What are Five Critical Internal Audit Program Metrics to Use?

How Satisfied Are the Internal Stakeholders?

Your internal stakeholders need insight into whether their risk mitigations strategies work. When designing the audit plan, you set a scope and objectives.

As part of the audit committee review, the internal stakeholders need to make sure that the audit met the scope and objectives. For example, if the organization added a new SaaS payroll application, then the internal audit needs to provide information proving the PCI DSS network segregation requirement is effective. This insight provides both the c-suite and Board assurance over internal IT controls and the financial risk mitigation strategy effectiveness.

What was the Financial Value of the Internal Audit?

Organizations using internal audits to reduce external audit costs need metrics that give insight. Comparing year-to-year costs is a starting point. However, some cost reductions may be less noticeable.

For example, managing vendor risk means gaining visibility into the organization’s third-party and fourth-party service providers. By engaging in an internal audit process that regularly monitors and documents the vendors’ control effectiveness, comparing it to the service level agreement (SLA), you can streamline the external audit process. Then, you can compare year-to-year the cost and time the external audit took.

How was the Performance Reported?

Although internal auditors segregated from the departments they review, human error often plays a factor in decreasing internal audit value.

Finding solutions that remove human error, therefore, can create better internal audit reporting metrics. A single internal auditor can only review a limited number of logs. However, an automated system that aggregates the reports and provides visual representations can allow your internal auditor to consider more information in less time. With more data comes greater assurance over the internal reporting that then reduces external auditor time.

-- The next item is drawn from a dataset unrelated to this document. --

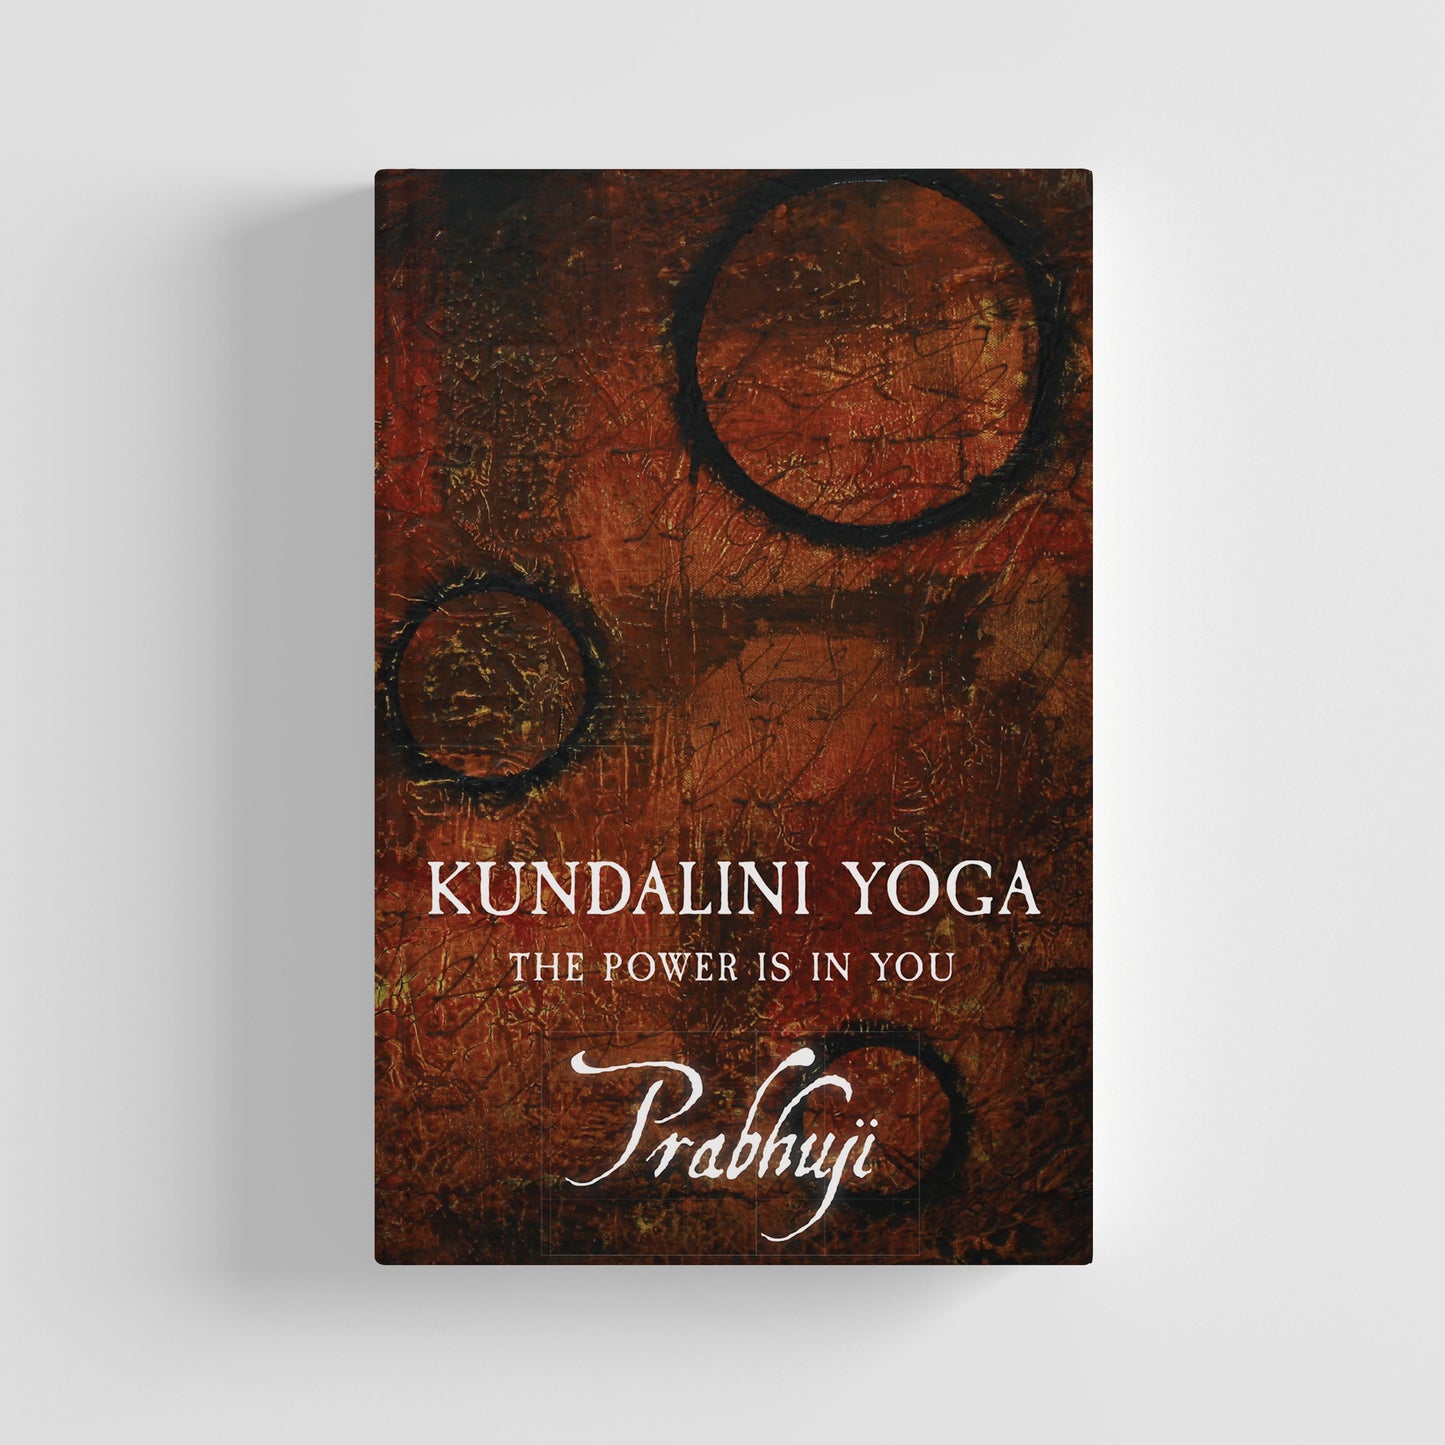 Book Kundalini yoga - the power is in you by Prabhuji (Hard cover - English)
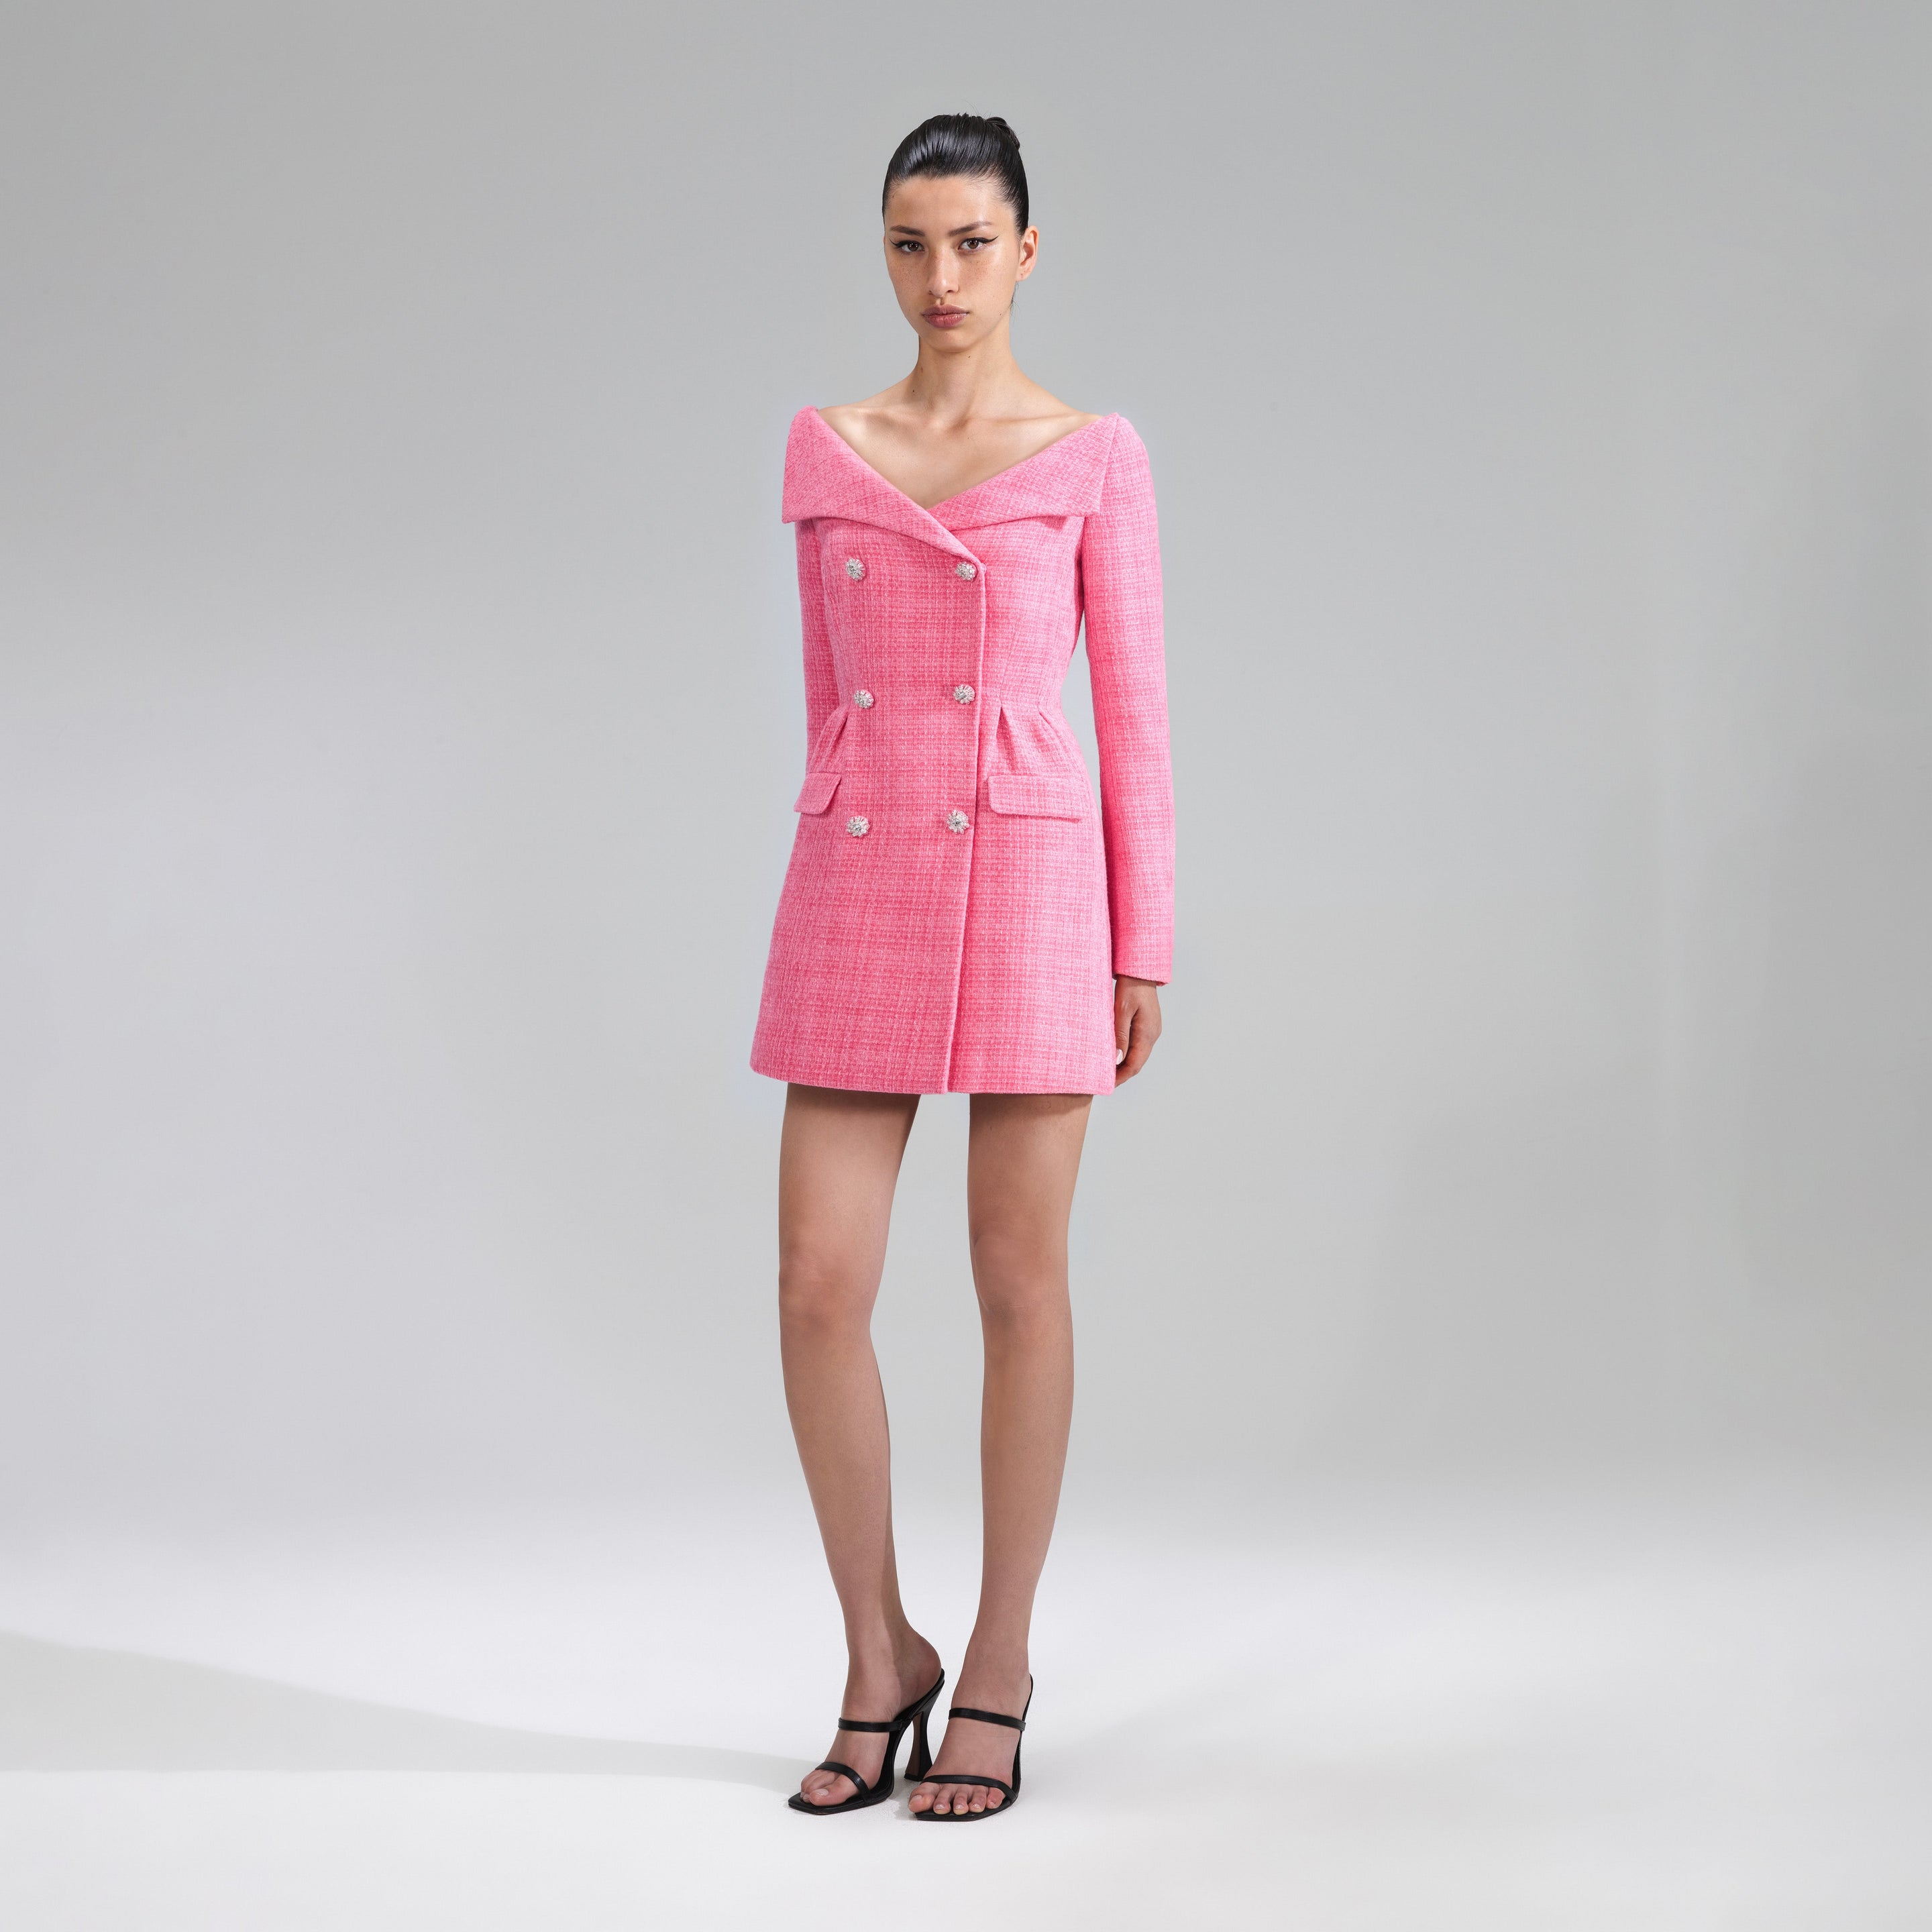 Chanel Pink Tweed Dress

What was the Audit Plan Coverage?

While the cost to complete an external audit may matter to the c-suite and Board, the audit plan coverage may be more likely to prevent data breaches.

Unfortunately, information security risk continuously evolves. Thus, traditional point-in-time audits may fail at providing full coverage. Using automated tools that provide continuous monitoring over the data environment allow an organization to provide greater coverage, mitigate more risks, and offer greater assurance over their IT control effectiveness.

How Rapidly were Issues Remediated?

If your company is using its internal audit function to lead to stronger external audit outcomes, then you need to find a way to streamline communications and speed up remediations.

Prioritizing remediation activities and communicating them can be a key metric when reviewing internal audit effectiveness. Internal communications can act as a barrier to remediation, which then undermines the goals of the internal audit function. The organization needs to prioritize and track issues so that it can work faster to remediate any problems.

How ZenGRC Enables Audit Metrics and Reporting

ZenGRC offers workflow tagging so that you can delegate audit tasks and monitor their progress and completion. Moreover, it allows you to prioritize tasks so that your team members know how to plan their activities.

ZenGRC’s workflow management capabilities include a centralized dashboard that continuously documents your control effectiveness making audit documentation easier.

Additionally, it helps you create an audit trail by documenting and remediation activities to support your responses to auditor questions.

When using internal audits to enable external audit processes and reduce time spent, using ZenGRC’s single source of information platform can speed up internal stakeholder communications and provide all documentation necessary thus reducing external auditor follow up requests.